3. Where it notifies — channels per tier (resolved by name from signoz_list_notification_channels if needed), notificationSettings.groupBy (how notifications are bundled), renotify (interval + which states), usePolicy (label-based routing). Skip this section entirely if notification settings are vanilla and the user already saw the channel in the TL;DR.

4. Notable concerns — flag only what’s non-default and worth the user’s attention. Don’t list every absent field; focus on the high-leverage ones:

alertOnAbsent missing when the signal is critical: silent data loss (crashed service, broken instrumentation) won’t trigger the alert. Always call this out for production-tier rules.
alertOnAbsent: true but nodata not in renotify.alertStates: the absent-data fire pages once and then goes silent — easy to miss.
Template variable bugs: {{$topic}} won’t interpolate; the correct form is {{$labels.topic}}. Dots in label keys become underscores (service.name → {{$labels.service_name}}).
Multiple severity tiers but labels.severity missing on the rule — breaks label-based routing policies. Common gap.
All tiers route to the same channel — defeats the point of graduated thresholds.
High-cardinality groupBy (e.g. pod.name × partition) → notification-storm risk during cluster-wide events.
Annotation/description text contradicts matchType (e.g. description says “for over 5 minutes” but matchType=at_least_once fires on first breach within the window).
Alert name doesn’t match the filter target (e.g. name says “checkout” but filter targets payments) — call this out.

If none of these apply, omit the section. Better silent than padded.
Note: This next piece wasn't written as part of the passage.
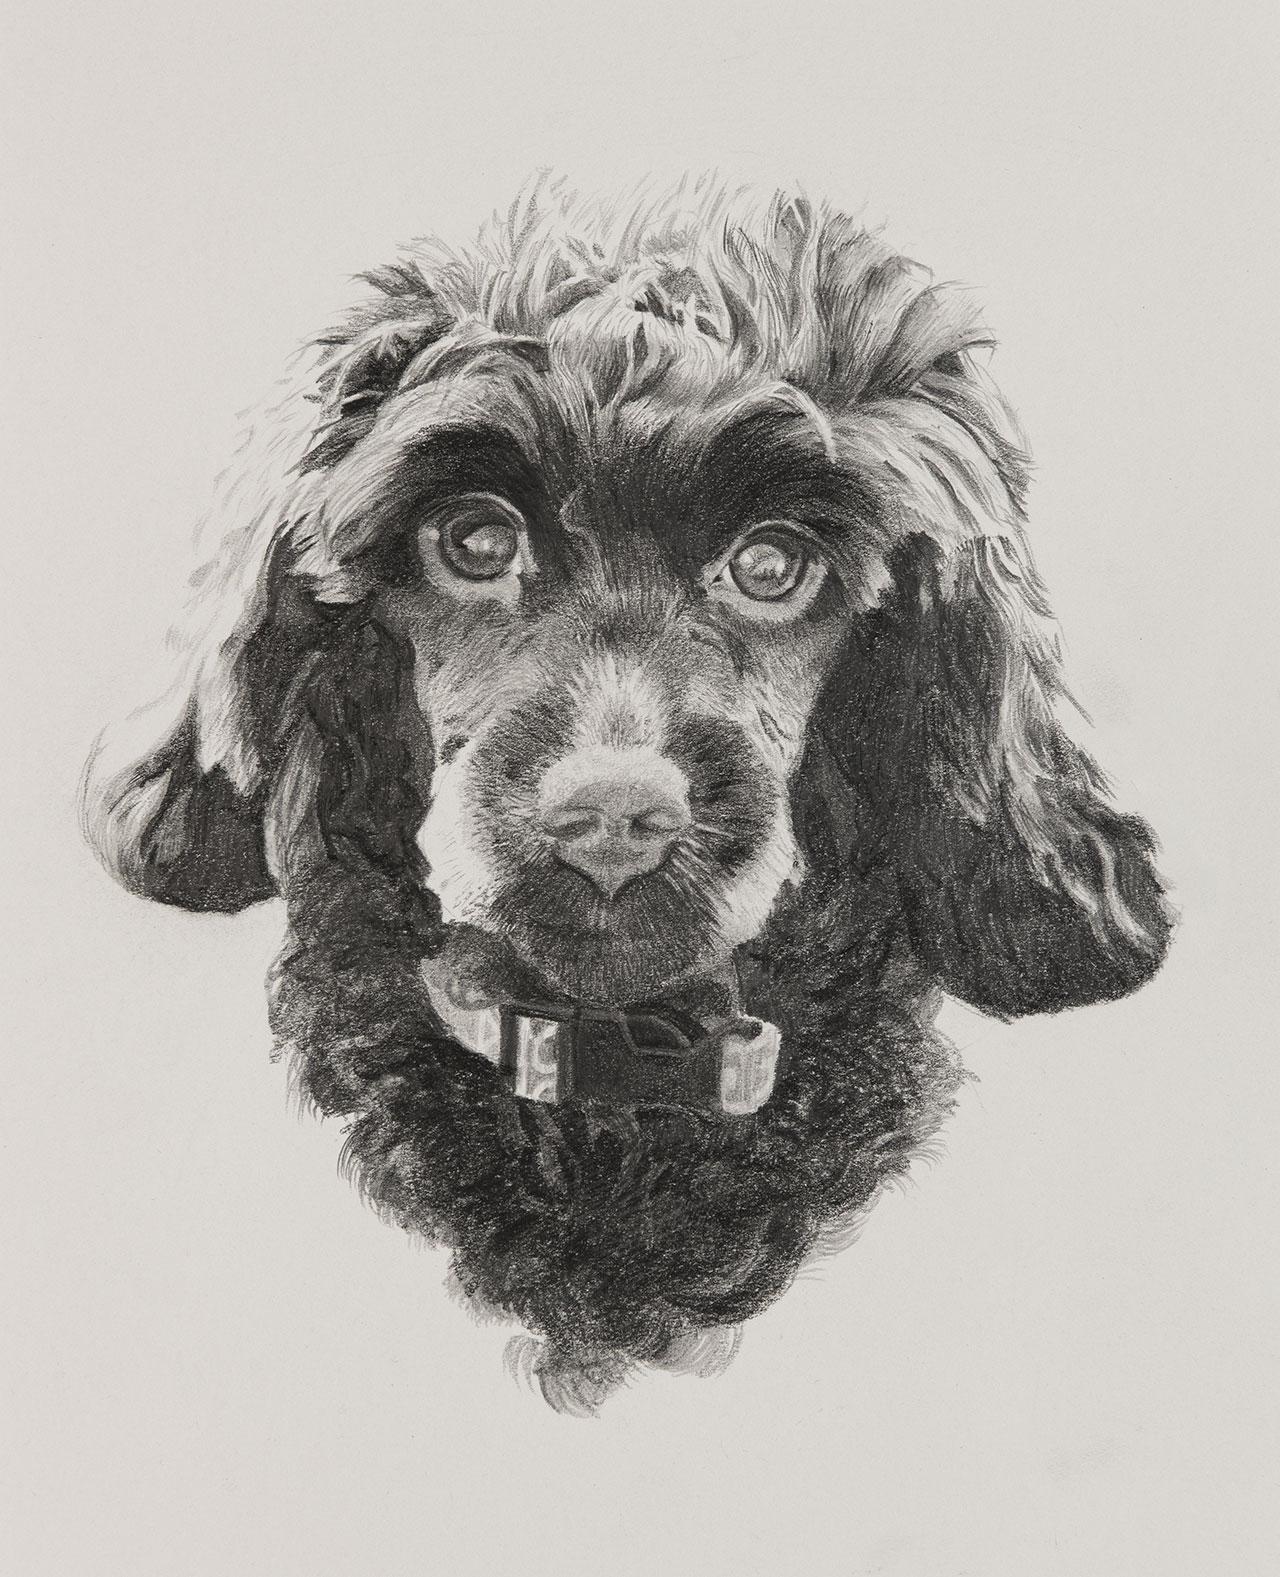 Winnie Dog Illustration by Harv Craven
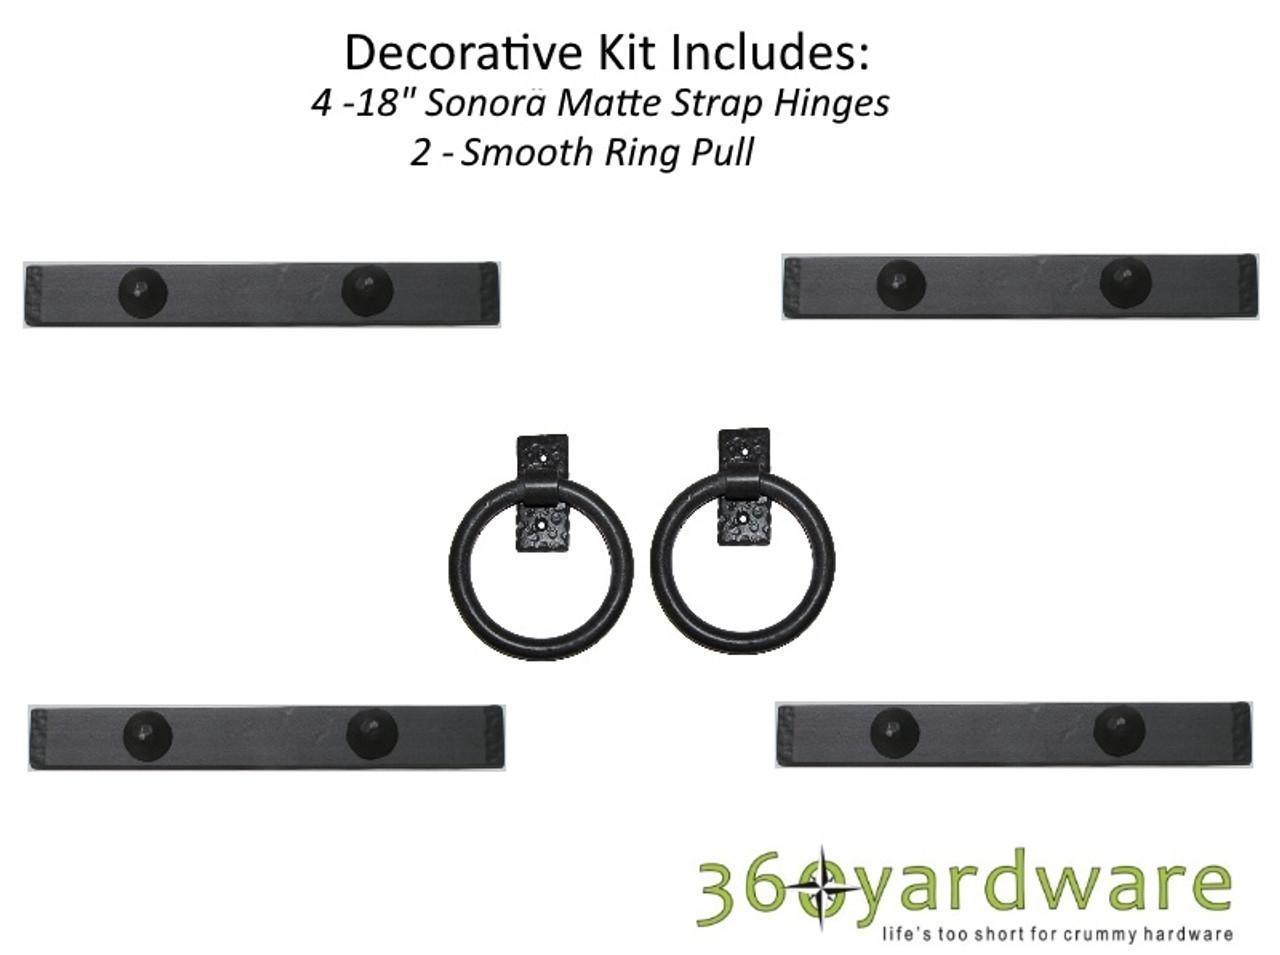 Incroyable Southwest Style Decorative Garage Door Kit

If the user asked only “what does this alert do”, stop here. The audit (Step 5) is for “is it configured correctly” / “audit this” / “anything I should change” requests.

Step 5: Assess the configuration (only if asked)

The user may ask “is this alert reasonable” alongside the explanation. Only assess when asked or when the request implies it (audit, review, “is this configured correctly”). Keep assessment grounded in what’s actually in the config:

Threshold calibration — appropriate for the signal? Consider service criticality and traffic.
matchType fit — at_least_once is sensitive (catches transients); all_the_times is conservative; on_average smooths noise.
Window vs frequency — short window + at_least_once can be noisy. Long window can delay detection.
Multi-severity — alerts with both warning and critical thresholds enable graduated response. Single-severity alerts miss this.
Notification routing — critical → high-urgency channels (PagerDuty); warning → low-urgency (Slack).
Missing runbook / description — if annotations are empty or default, suggest adding context.
Absent-data monitoring — for critical signals, recommend alertOnAbsent: true if it isn’t set.
GroupBy cardinality — high-cardinality groupBy fields can produce many independent alert series; flag potential notification storms.
Filter completeness — for IN / NOT IN filters with explicit value lists, flag values that look out of place or missing values that seem expected.
Fire frequency vs threshold — if Step 3 shows the alert fires many times a day (>10/day in the 7d window), the threshold is likely too tight; if it never fires and the user is asking because they expected it to, the threshold may be too loose or the query may be wrong.

Step 6: Offer next steps

Surface up to 3 follow-up intents based on what the explanation revealed — things like investigating a recent fire, running the underlying query to see current values, adjusting a threshold, or creating a related alert for a coverage gap. Use your judgment; do not pad to 3.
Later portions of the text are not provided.